I hear my husband running down the hall to where I stood in the bathroom putting in my contacts.
“What is this?” He’s holding out his hand. I look down at it, thinking it’s a receipt or a bill, and I’m already trying to think of a good excuse for whatever it is I spent money on.
However, on his palm I see the usual collection of vitamins, supplements, and prescriptions persons of our age could expect to take every morning, after the final cup of coffee but before the inevitable morning-paper-reading in the “office.”
“What is what?” I asked innocently, but I know what’s causing him to question one particular pill.
“This! Is this one of my…special pills?” His eyebrows are raised.
Our normal multivitamins were red. However, we ran out of them a week ago and while shopping I grabbed the first replacements I saw, which happened to be called “One Daily, Men’s 50+”. As a nod to our age, they’ve been colored a pretty dove grey to thoughtfully match the color of our hair.
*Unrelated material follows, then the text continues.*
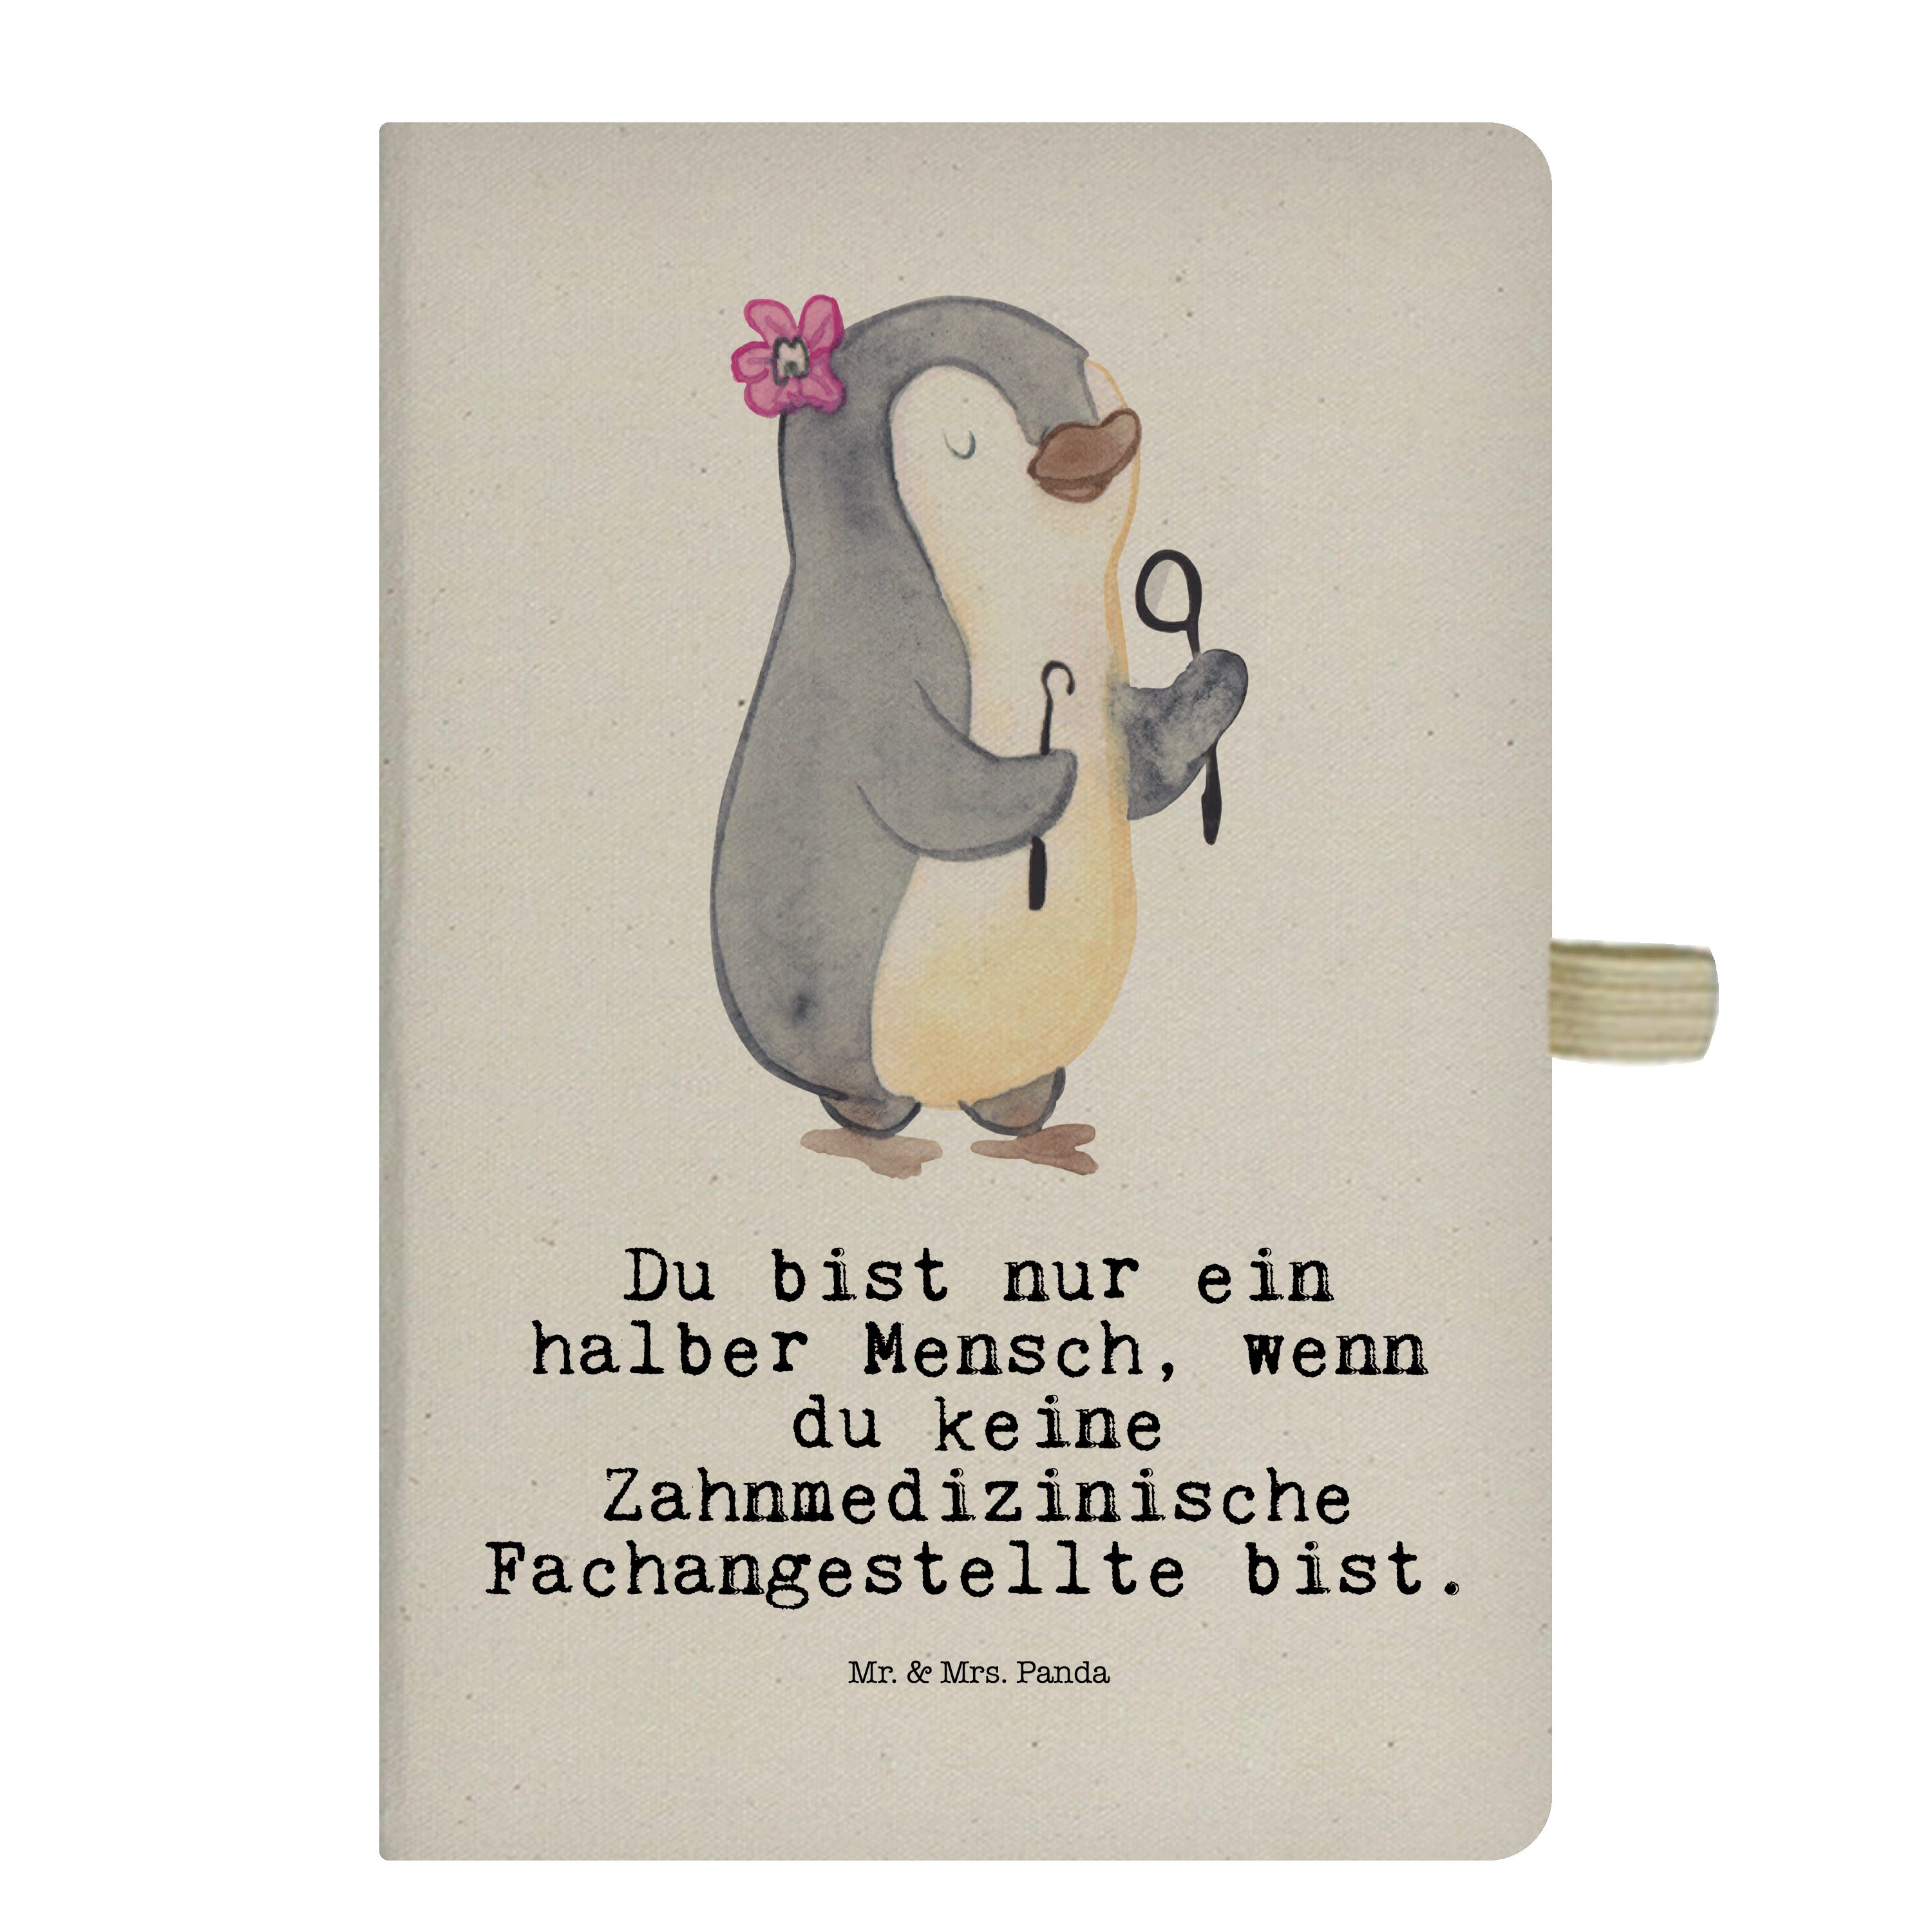 Mr. & Mrs. Panda Notizbuch Zahnmedizinische Fachangestellte mit Herz - Transparent - Geschenk, N Mr. & Mrs. Panda

The one my husband is holding, however, seems to have gotten an extra shot of FD&C#2 blue, so what he’s holding looks alarmingly, amazingly, like a certain other type of blue pill, the kind one would take if they were going to…
Have you ever seen a Viagra commercial? Just one of those happy blue pills and suddenly, you see two people flirting and kissing while playing the best damn Scrabble game of their entire freaking lives. Or they’re washing the car together, soaping seductively while shooting each other “we’re-so-gonna-get-it-on” looks as Barry White plays in the background.
What I’m saying is, if your hubby has ever used one of those pills, you know that the, um, result is a real eye opener. Like, “stand back, woman…this thing could be dangerous” kind of eye opener. I mean, you pretty much have to beat that thing into submission once it has had a sip of sapphire magic. Believe me, I know whereof I speak, and people, we do not waste the enchanted capsules, amiright?
I finish putting my other contact in, which is hard (pun intended) because my whole body is shaking with laughter.
“Are you serious?” I giggle. “Do you really think I’m going to put one of those in your morning pill box as a joke? Pretty expensive joke, considering I could swap one on the black market in exchange for our mortgage payment. Besides, the Packers are playing the Bears this afternoon and you’re not even going to be here, you’ll be at the bar with the boys.”
Suddenly, the thought of him being stuck at a bar under the influence of one of those tablets is hilarious. “How would you even get out of the bar without someone seeing your condition?” I ask him. “Seriously, you could hurt someone. On the upside, that thing would hold the door open for you.”
He’s starting to see my lady logic. “If it was one of those pills, I’d have to come home,” he countered, “during halftime.” He wiggles his eyebrows at me.
I am unmoved. “Pah! You’d come home to a note and an empty house, Romeo, because I’m going shopping this afternoon. That would put you in a pretty awkward position, wouldn’t it? A party in your pants but no one…” I make air quotes. “…comes?”
“Real funny,” he says. “Although I wouldn’t see the note first.” He leans against the door frame and smiles.
“Oh?” I ask. “And why not?”
“Because if you had slipped me one of those wonder pills”—he points downward—“this thing would beat me home by at least ten minutes.”